3. Abatement Zone (High Psychological Safety, Low Accountability)

 

In this zone, leaders are often uncomfortable improving themselves and subsequently pulling people up for poor performance.  This comfortable and mind-numbingly boring (but happy) place is when leaders create psychological safety, but don’t hold their employees accountable for excellence.

This is the confusing employee engagement result that points to high employee engagement in a team, despite poor productivity (and other teams totally frustrated with their lack of performance).  In this environment, employees have no incentive to stretch themselves, be proactive or creative. 

Performance here is abating.  Employees believe they’re doing a good job but have no desire to improve or even think differently.  Usually leaders in this zone are the ones stressed out (usually when the CEO puts pressure on them to improve), as team members will escalate problems to their boss to solve, only work 9-5pm and lack the motivation to move beyond their task list. 

It would seem that working in a comfort zone is a great place.  But it’s where ideas go to die, people coast, problems don’t get solved and where groupthink reigns supreme.  Interestingly, trust is also low in this team because team members can’t rely on each other to do a good job (but tend to not get upset by it, unless they are young or ambitious).

4. Apathy Zone (Low Psychological Safety, Low Accountability)

 

 When leaders create low psychological safety and low accountability, you will often find that employees are in conflict.  This can be one of the riskiest teams to work in which results in employees not working too hard.  Either because they are afraid of doing the wrong thing or they are too exhausted and burnt out. 

This is the result of authoritative, emotionally volatile leaders that are closed off to their direct reports who unwittingly create a psychologically unsafe team culture.  This zone is incredibly low in trust and team cohesion.

 

Team Cohesion and Performance

 

Getting teams into the Achievement Zone requires leaders who possess the dual skill of creating a mentally healthy, supportive environment while simultaneously pushing people out of their comfort zones. It’s a delicate balance: if you focus only on cohesion, you risk a "polite but passive" culture. If you focus only on performance, you risk burnout and turnover.

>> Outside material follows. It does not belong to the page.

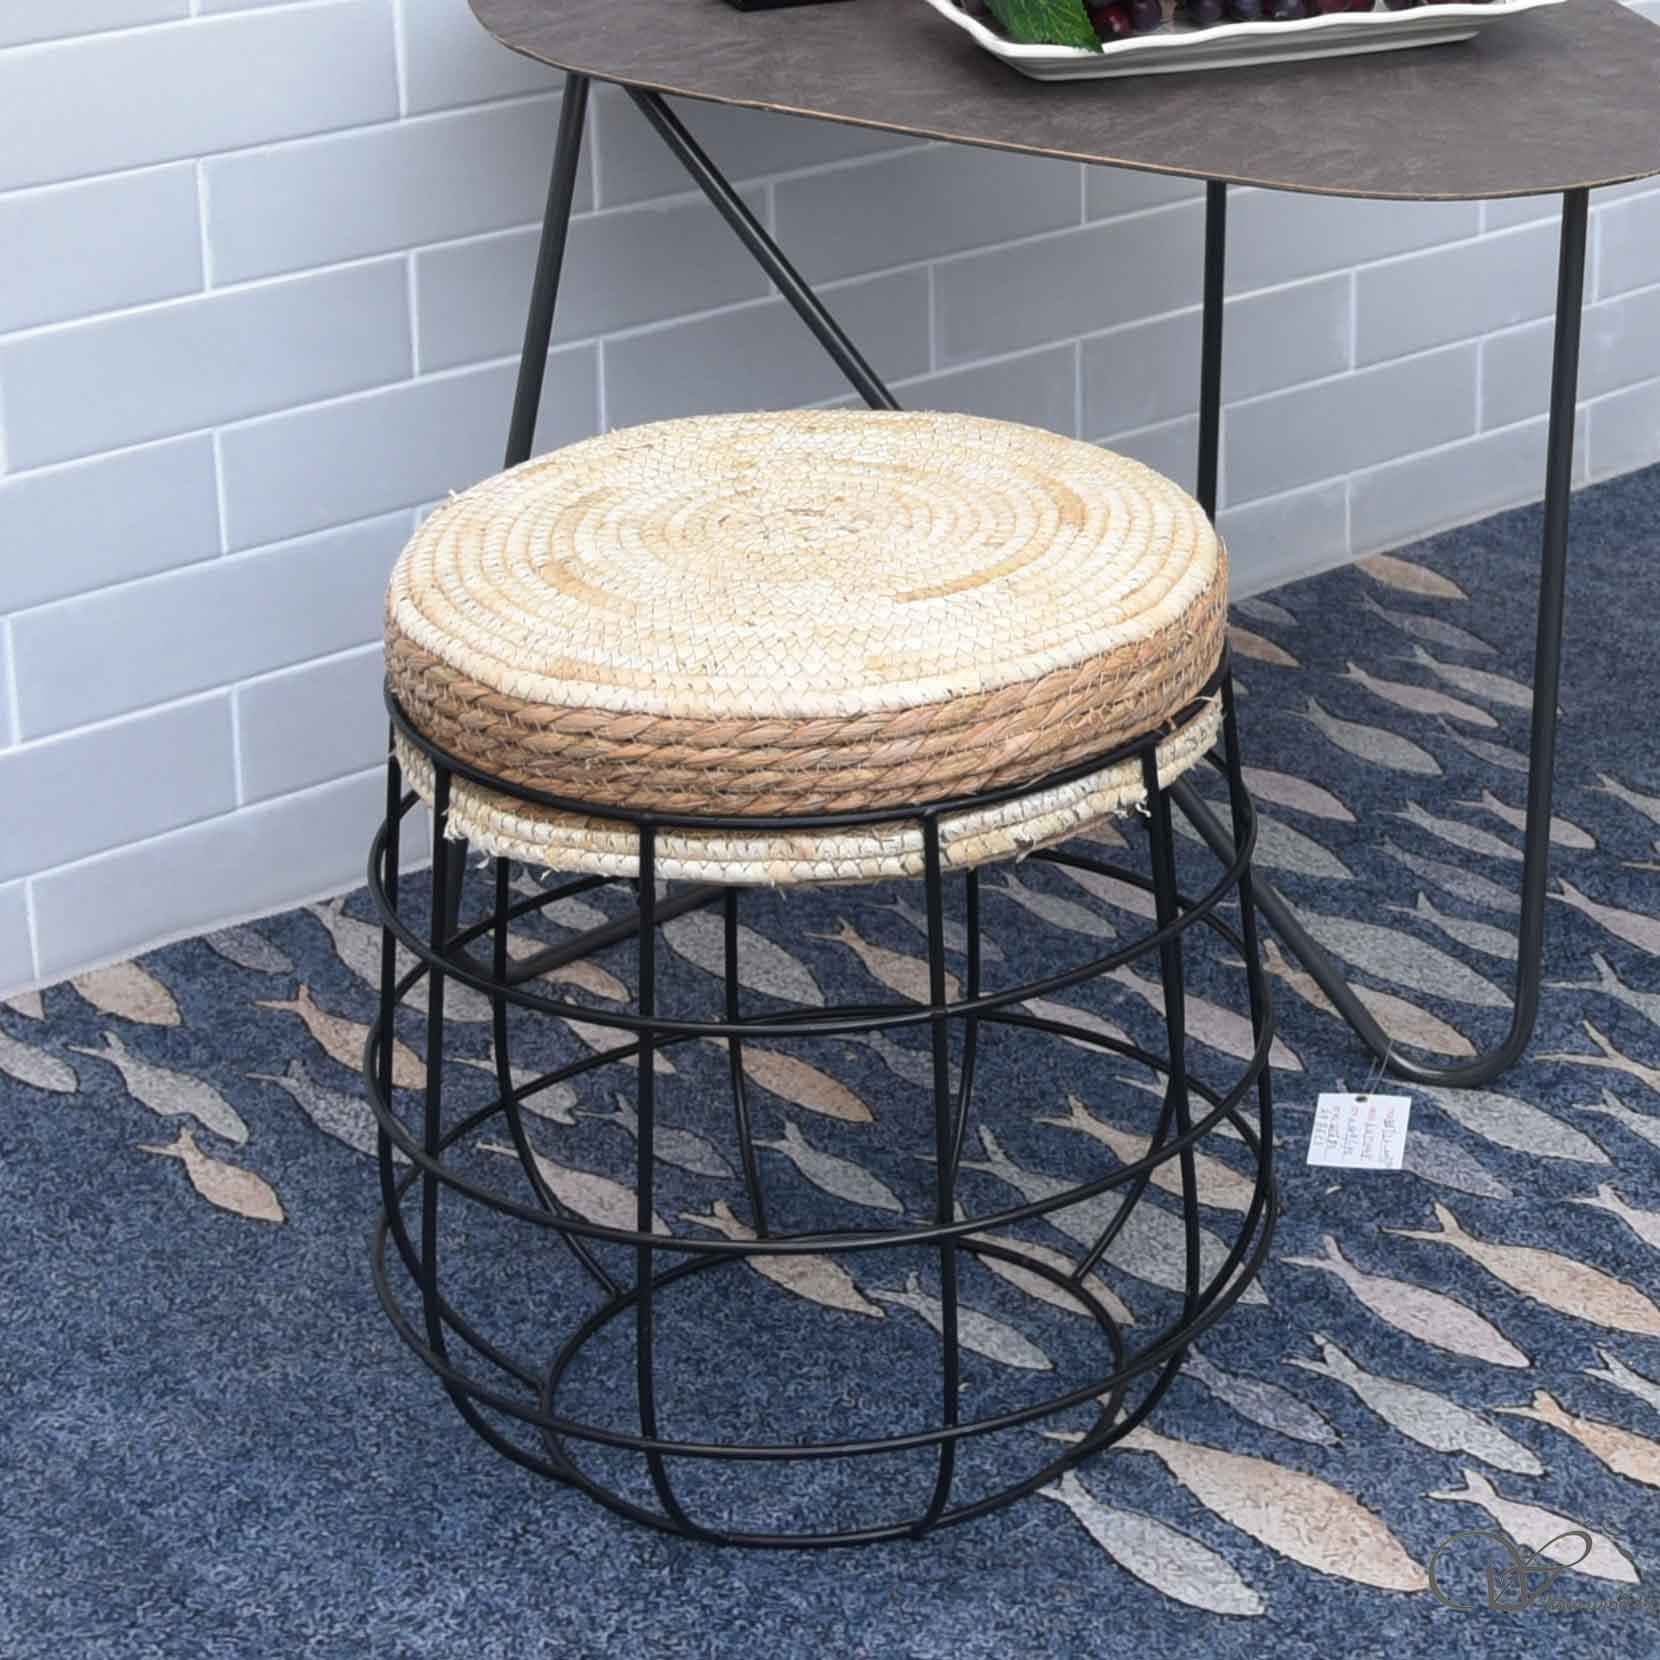 Round Cushioned Furniture Water Hyacinth Footstool Ottoman with with wire storage legs

The transition isn't easy. It requires leaders to consciously evolve, prioritising their interpersonal and intrapersonal skills and allowing their own technical skills to take a backseat. By stepping back from being the "expert," a leader allows others to shine. This transition is built on a foundation of self-awareness and trust—creating a space where employees trust the leader to do the right thing and, crucially, trust each other to deliver.


Final Thoughts: The Shift to Shared Responsibility

 

In the end, great leadership isn't about choosing between being "kind" or being "tough." It’s about being clear.

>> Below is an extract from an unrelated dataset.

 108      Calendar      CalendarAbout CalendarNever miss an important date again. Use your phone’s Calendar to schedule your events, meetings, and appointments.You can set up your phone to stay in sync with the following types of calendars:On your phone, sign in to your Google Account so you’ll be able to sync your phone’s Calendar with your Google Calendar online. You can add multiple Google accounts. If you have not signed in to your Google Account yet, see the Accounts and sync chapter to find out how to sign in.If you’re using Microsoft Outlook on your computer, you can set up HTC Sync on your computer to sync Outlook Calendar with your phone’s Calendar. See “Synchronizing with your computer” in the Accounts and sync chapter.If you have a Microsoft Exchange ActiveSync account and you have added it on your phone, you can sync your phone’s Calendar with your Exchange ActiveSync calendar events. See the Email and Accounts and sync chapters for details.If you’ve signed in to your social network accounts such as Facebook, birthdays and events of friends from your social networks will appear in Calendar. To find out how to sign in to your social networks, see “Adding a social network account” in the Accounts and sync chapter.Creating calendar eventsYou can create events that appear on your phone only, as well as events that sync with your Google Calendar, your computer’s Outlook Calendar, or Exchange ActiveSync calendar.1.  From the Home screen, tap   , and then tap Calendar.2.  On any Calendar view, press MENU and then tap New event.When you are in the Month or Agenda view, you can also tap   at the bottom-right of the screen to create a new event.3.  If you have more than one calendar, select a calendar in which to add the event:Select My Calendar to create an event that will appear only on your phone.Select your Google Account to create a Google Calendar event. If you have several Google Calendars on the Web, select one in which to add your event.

I choose to focus on accountability rather than just "high standards" because standards can often feel like a static bar set by a boss. Accountability, however, is active and inclusive. It implies a shared ownership where every team member is responsible for the outcome. When you combine this collective responsibility with psychological safety, you create a culture where people don’t just "follow rules"—they take pride in their contribution.

When you are clear that you have your team’s back (Safety) and clear that everyone owns the result (Accountability), you move beyond mere management. You create a culture where high performance is no longer a demand, but a natural byproduct of a trusted, connected team.